На самом деле, я думаю, что, за исключением нескольких ключевых моментов, Бели́ никогда и не вспоминала о той жизни. Сдалась на милость амнезии, столь укорененной на Островах, – наполовину отрицаловке, наполовину самообману, мол, привиделось в страшном сне. Сдалась на милость мощному антильскому духу. И выковала себя заново.

Убежище

Но хватит об этом. Главное, что в Бани́, в доме Ла Инки, Бели́сия Кабраль обрела убежище. А в Ла Инке – мать, которой у нее никогда не было. Научившую ее читать, писать, одеваться, есть, вести себя подобающе. Ла Инка – в качестве ускоренных курсов по движению вперед, ибо у этой женщины была цивилизаторская миссия, настоянная на колоссальном чувстве вины, предательства и утраты. Бели́ же, вопреки всему, что ей пришлось вынести (а возможно, благодаря этому), оказалась способной ученицей. Усваивала просветительские уроки Ла Инки, как мангуст цыплят. К концу первого года грубые черты Бели́ разгладились; пусть она многовато ругалась и нрав у нее был слишком буйный, а жесты слишком агрессивными и несдержанными, и глаза сверкали безжалостно, как у сокола, но осанка и речь (и зазнайство) были точно как у девочки «из хорошей семьи». А когда она надевала платье с длинными рукавами, рубец от ожога был виден только на шее (краешек более крупного повреждения, конечно, но изрядно преуменьшенного искусным кроем). Такой она уедет в США в 1962-м, такой Оскар и Лола ее никогда не узнают. Лишь Ла Инка видела Бели́ в самом начале пути, когда она ложилась спать полностью одетая и кричала во сне; лишь Ла Инка видела ее прежде, чем она сконструировала новую себя – женщину с викторианскими застольными манерами и отвращением ко всякой швали и бедности.

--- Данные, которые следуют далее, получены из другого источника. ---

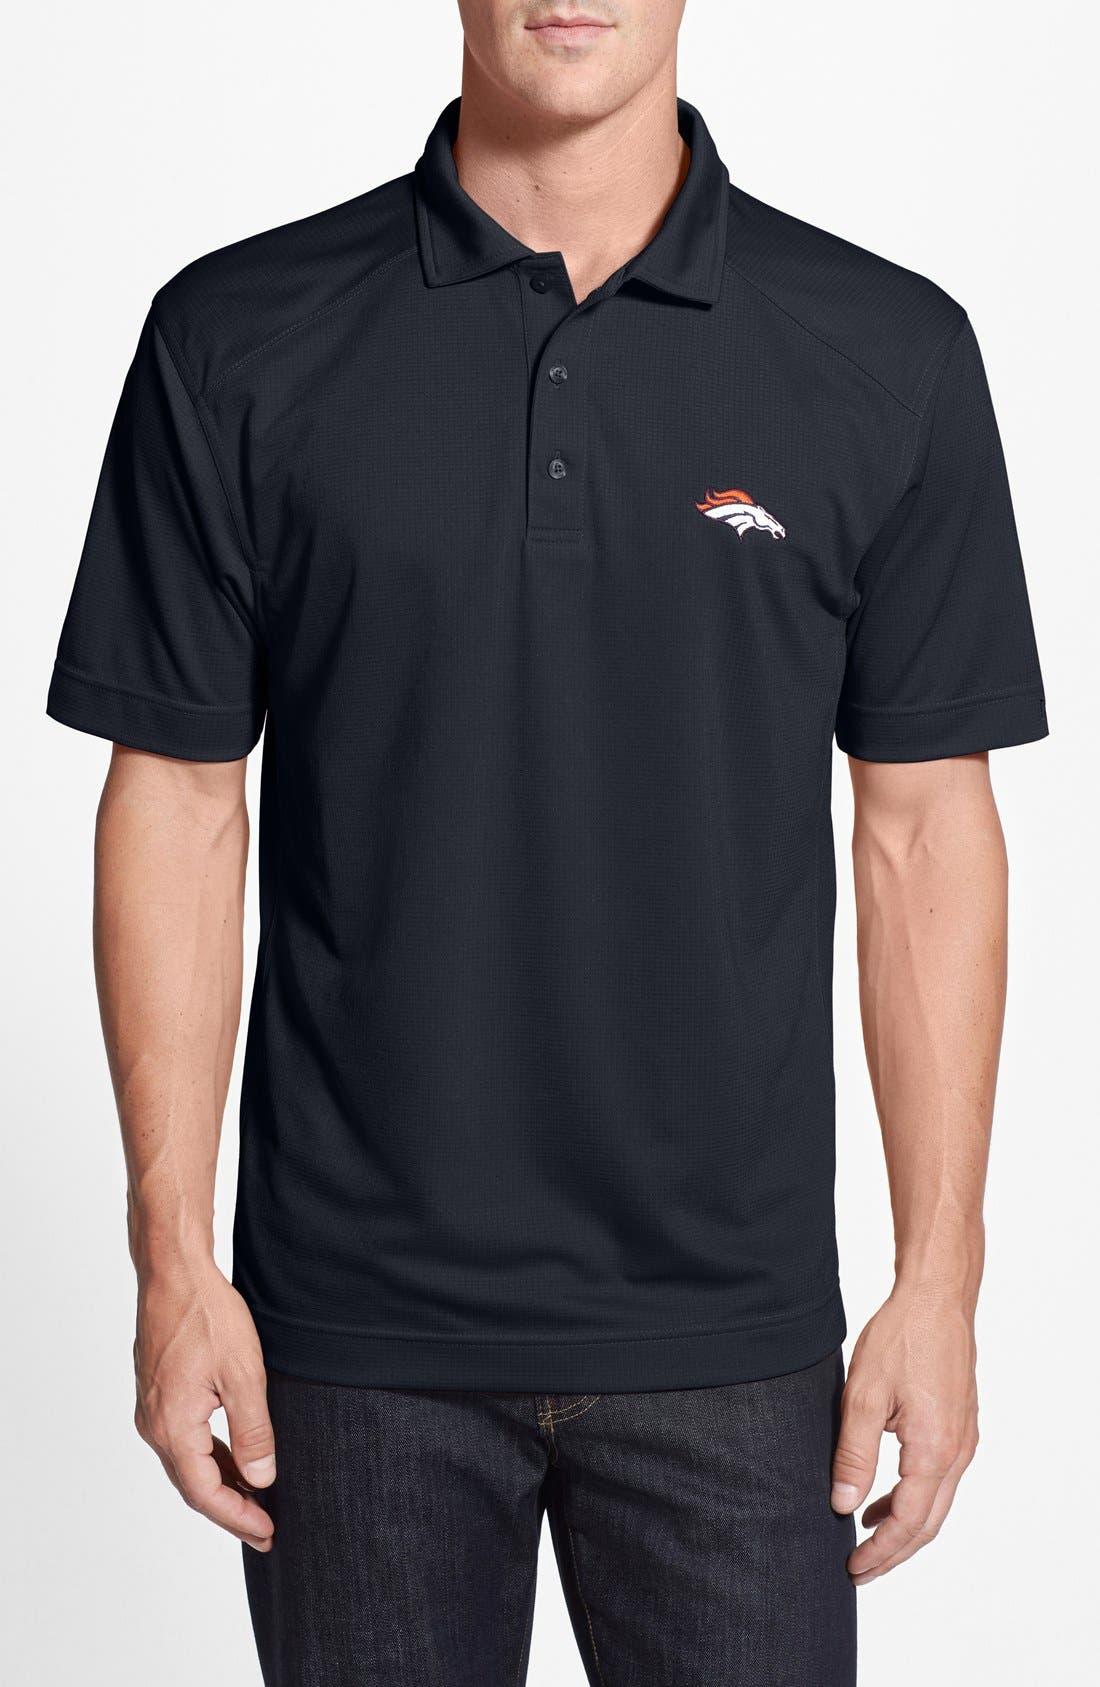 Cutter & Buck Denver Broncos - Genre DryTec Moisture Wicking Polo

Нетрудно догадаться, что отношения у них были странными. Ла Инка и не думала обсуждать с Бели́ годы в Асуа, ни словом не поминала ту жизнь, как и ожог. Притворялась, что его просто не существует (точно так же она притворялась, что в ее квартале нет шпаны, хотя и сталкивалась с ней на каждом шагу). Даже когда она смазывала девочке спину, каждое утро и каждый вечер, Ла Инка лишь говорила: сядь сюда, сеньорита. Эти умолчания, нежелание допытываться нравились Бели́ больше всего. (Еще бы с той же легкостью не замечать волны ощущений, что накатывала на нее временами, отбрасывая назад.) Вместо того чтобы беседовать об ожоге или Дальней Асуа, Ла Инка рассказывала Бели́ о ее утраченном, забытом прошлом, об отце, знаменитом докторе, о матери, красавице-медсестре, о Джеки и Астрид и о чудесном замке в Сибао – о Каса Атуэй.